### To do
Exact reproduction of the data is required, with images excluded.

(Dataset extract Opens)

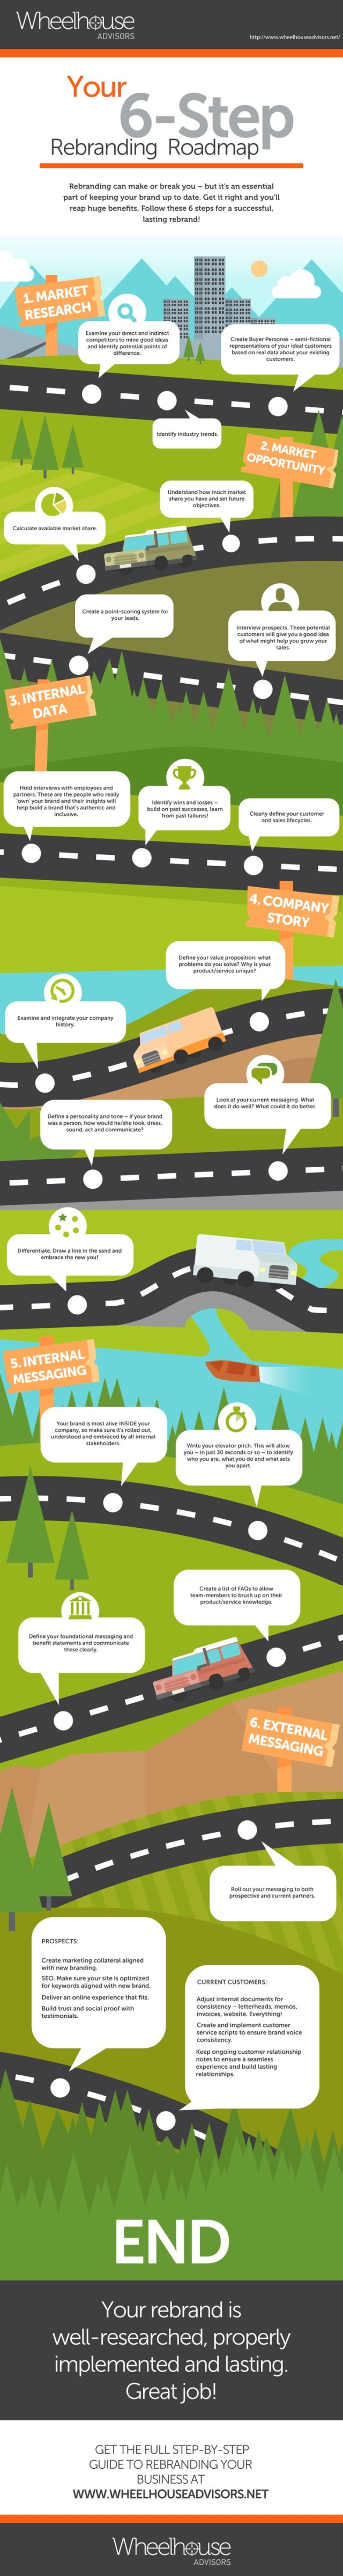 Rebranding in 2016 Follow This Rebranding Roadmap to Avoid Catastrophe
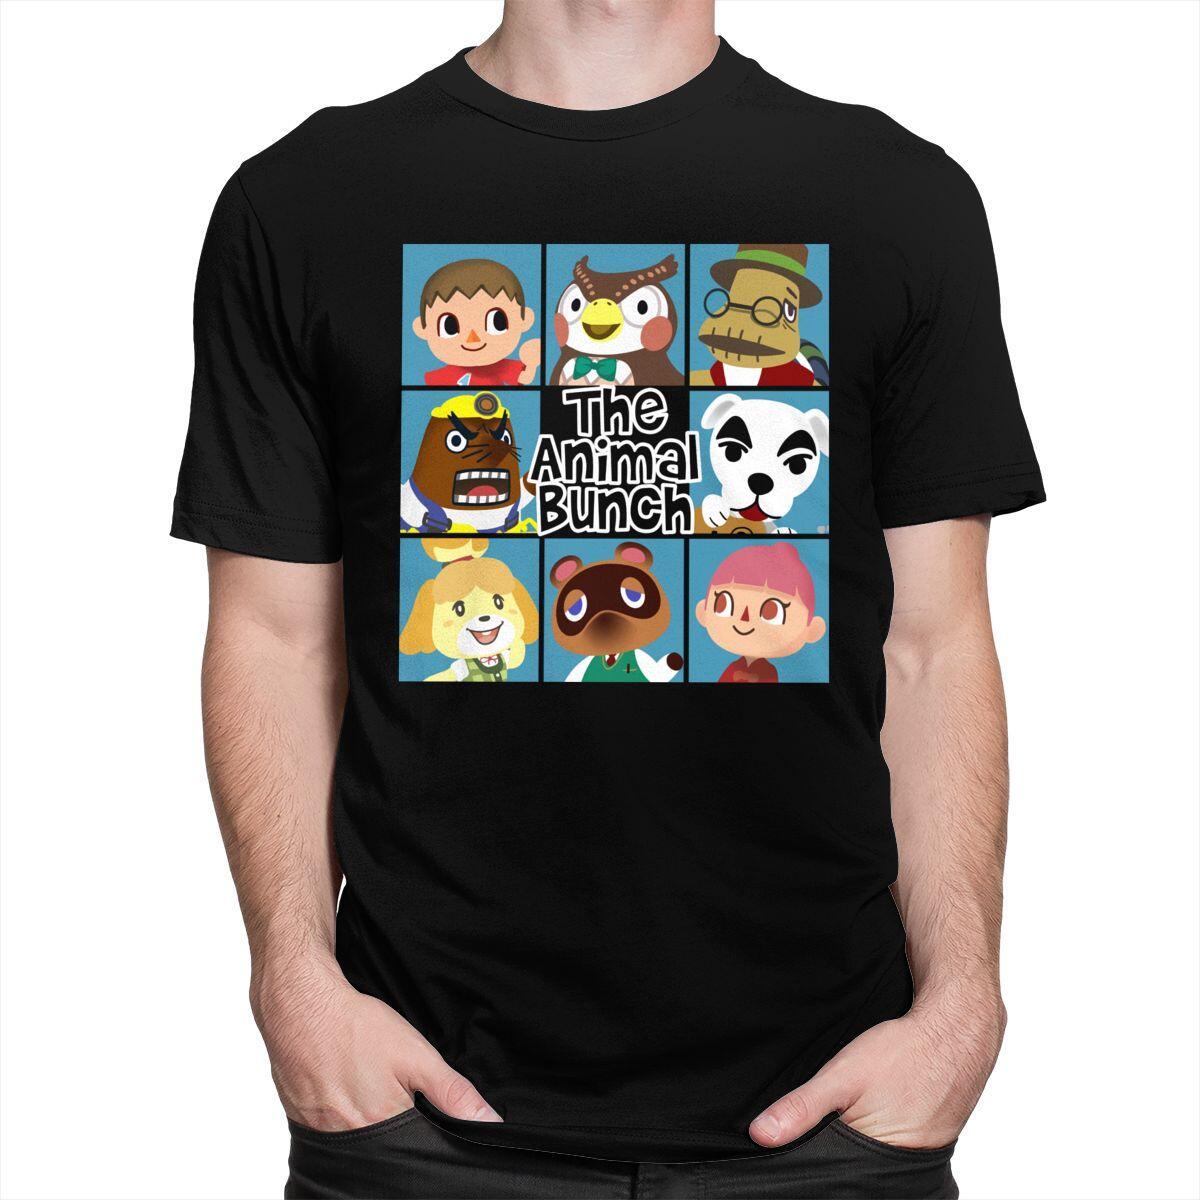 Animal Crossing Brady Bunch Style Shirt, Black / S
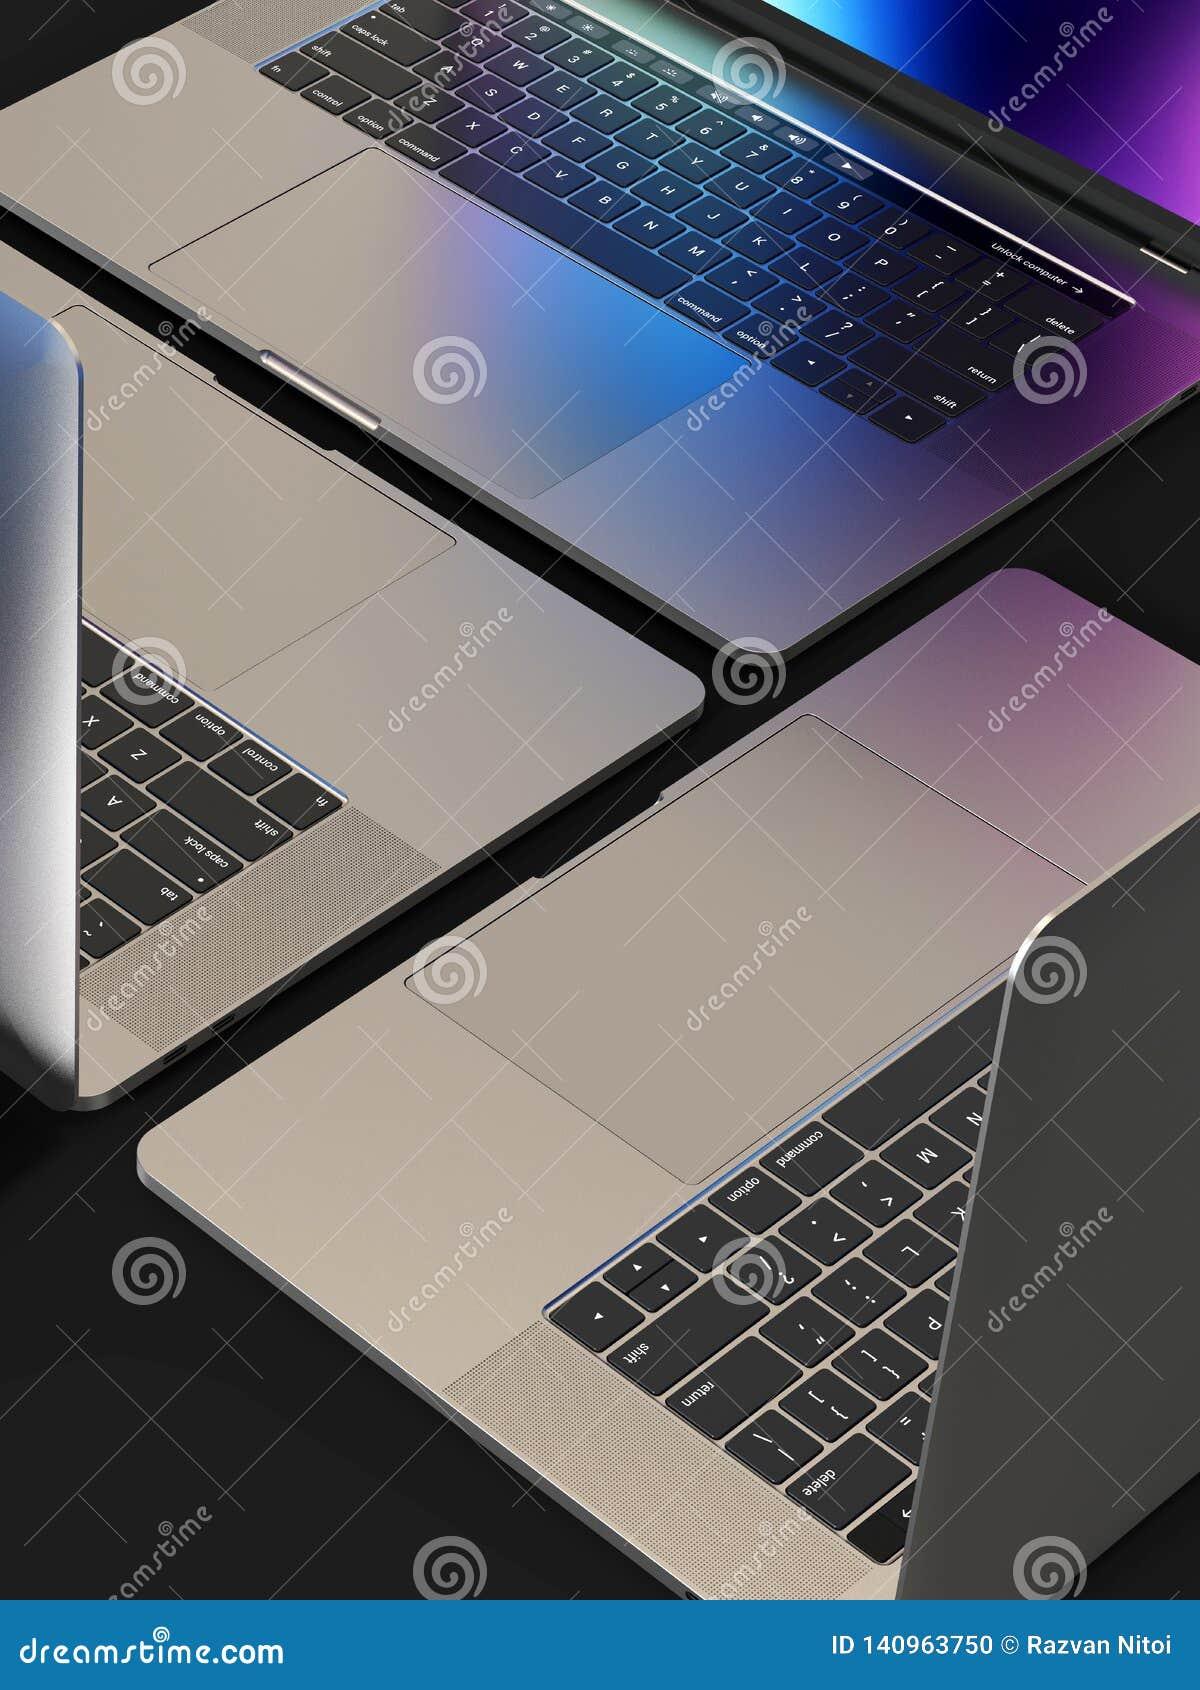 MacBook Pro style laptop computers, composition
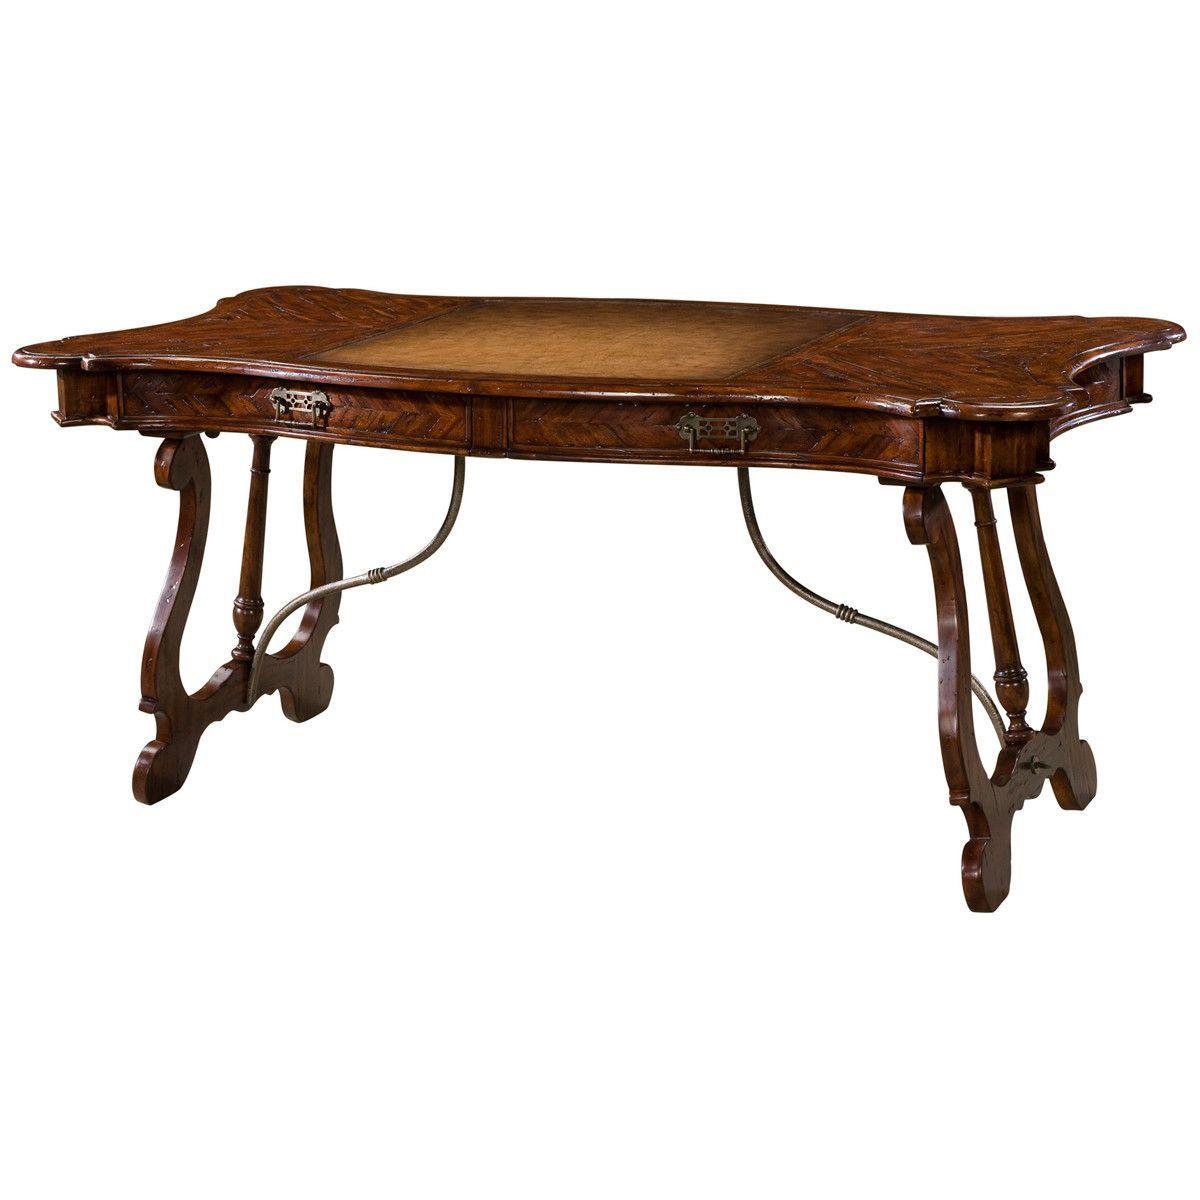 Theodore Alexander Castle Bromwich Bragança Writing Table

(Dataset extract Closes)

### Response to the exercise
 Rebranding in 2016 Follow This Rebranding Roadmap to Avoid Catastrophe
 Animal Crossing Brady Bunch Style Shirt, Black / S
 MacBook Pro style laptop computers, composition
 Theodore Alexander Castle Bromwich Bragança Writing Table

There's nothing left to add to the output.